-
Notifications
You must be signed in to change notification settings - Fork 5
Closed
Labels
phase-2.5Phase 2.5: Agent Execution Redesign (ReAct)Phase 2.5: Agent Execution Redesign (ReAct)phase-2.5-FPhase F: Validation & Default SwitchPhase F: Validation & Default Switchqualitytesting
Description
Context
Re-running the end-to-end CLI validation (#353) with the ReAct agent revealed that all 12 tasks completed successfully (DONE status, 0 blockers, 18 min total), but the generated code has 3 categories of bugs that the verification gates failed to catch. The orchestration pipeline works; the quality assurance has gaps.
Test run: cf-test project, todo app (FastAPI + Next.js), serial strategy, 12 LLM-generated tasks.
Bugs the gates missed
| Bug | Root Cause | Why Gate Missed It |
|---|---|---|
init_db() signature mismatch — test passes arg, function takes 0 |
Agent wrote tests against an imagined API | pytest gate likely saw import errors and treated as "no tests" rather than failure |
Double /api/api/ prefix — APIRouter(prefix="/api") + include_router(prefix="/api") |
Cross-file inconsistency between tasks | No integration/smoke test gate exists |
TypeScript type error — completed passed to CreateTodoRequest which only has title |
Frontend tasks didn't cross-check the API service types | No tsc gate exists in the gate system |
Task ordering — requirements.txt generated as task 11 but tests ran in task 6 |
Serial strategy uses priority order, not dependency order | No dep-install-before-test enforcement |
Requirements
1. Add TypeScript type-check gate
- Detect
tsconfig.jsonin workspace → runnpx tsc --noEmitornpm run type-checkif script exists - Add to
_detect_available_gates()ingates.py - Timeout: 2 min (same as mypy)
- This would have caught the
CreateTodoRequesttype error
2. Harden pytest gate failure handling
- If pytest returns non-zero due to import errors or collection errors, the gate must report FAILED (not skip)

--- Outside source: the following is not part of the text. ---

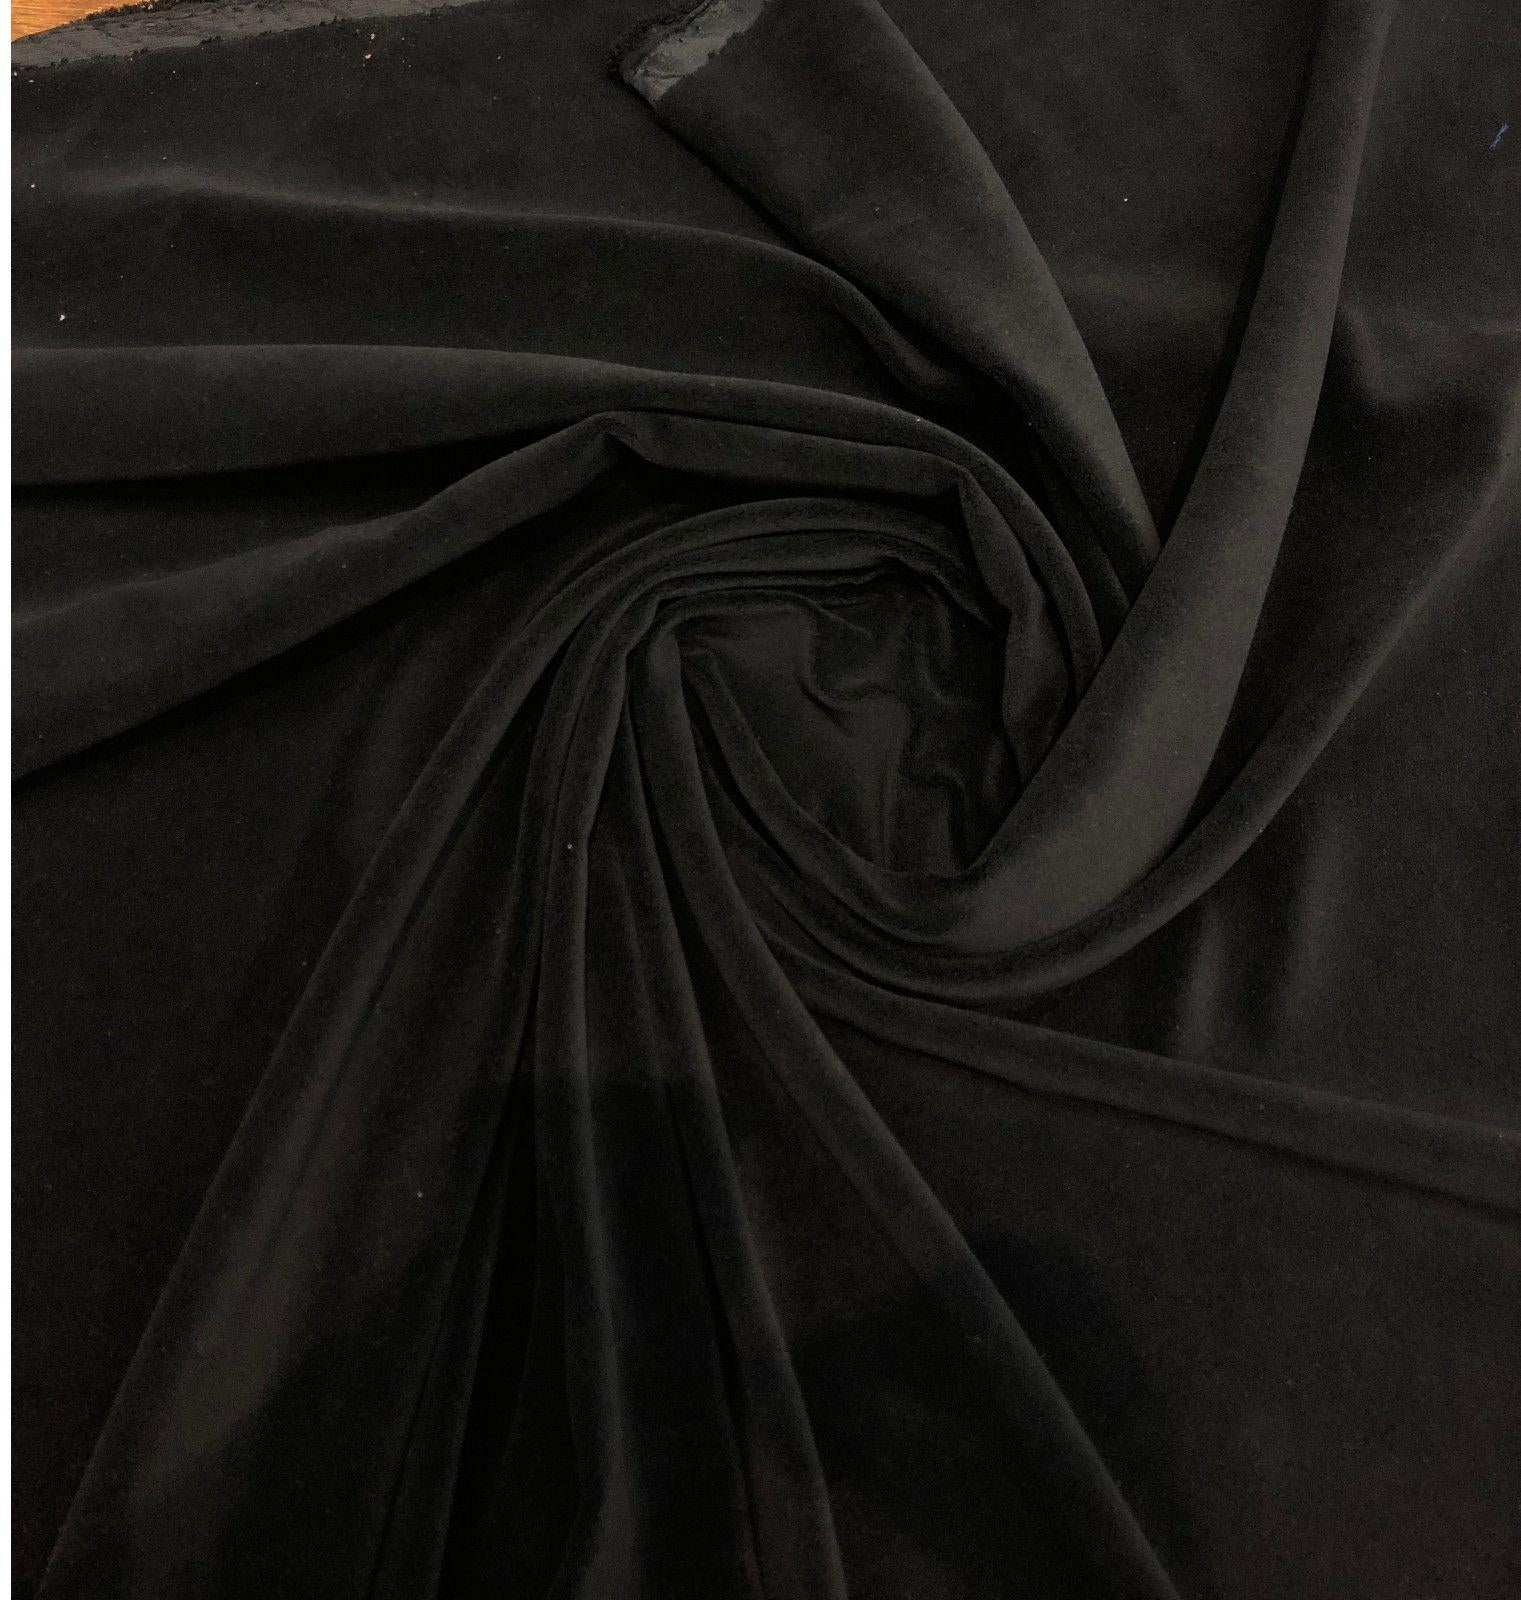  Royal Velvet Black, Fabric by the Yard

- Distinguish between "no tests found" (acceptable) vs "tests errored during collection" (failure)
- Parse pytest output for
ERRORvsno tests ranpatterns
3. Add build verification gate
- Python:
python -c "from main import app"(or detect entry point) - Node/TS:
npm run buildif build script exists in package.json - This catches import errors, missing deps, and type errors in one shot
- Run as part of final verification, not incremental
4. Add end-of-batch validation step
- After
BATCH_COMPLETEDinconductor.py, re-run all gates against the full workspace - This catches cross-task inconsistencies that per-task gates miss
- Report batch as
PARTIALif post-batch gates fail (tasks DONE but integration broken) - Hook point: after the final
BATCH_COMPLETEDevent emission
5. Ensure dependency installation before test gates
- Before running pytest/npm-test gates, check if dependencies are installed
- If
requirements.txtexists but no venv/site-packages → runpip install -r requirements.txt - If
package.jsonexists but nonode_modules/→ runnpm install - This is a prerequisite step in the gate runner, not a separate gate
Acceptance Criteria
-
tsc --noEmitgate auto-detected and run for TypeScript projects - pytest gate fails on collection/import errors (not silent skip)
- Build gate (
npm run build/ Python import check) runs during final verification - Conductor runs full gate sweep after batch completion
- Gate runner installs missing deps before running test gates
- Re-run the cf-test todo app scenario — all 3 bug categories either caught or prevented
Ordering
This issue must be completed before:
- [Phase 2.5-F] Verify ReAct engine works via API routes #354 — Verify ReAct engine works via API routes
- [Phase 2.5-F] Switch default engine to react and update documentation #355 — Switch default engine to react and update documentation
The gate hardening ensures that the validation in #354 is meaningful and the engine switch in #355 is backed by real quality checks.
Test Plan
- Run the same cf-test todo app scenario after implementing fixes
- Verify that the agent either:
- Produces correct code (gates prevent the bugs during self-correction), OR
- Gates catch the bugs and tasks are marked FAILED (not false DONE)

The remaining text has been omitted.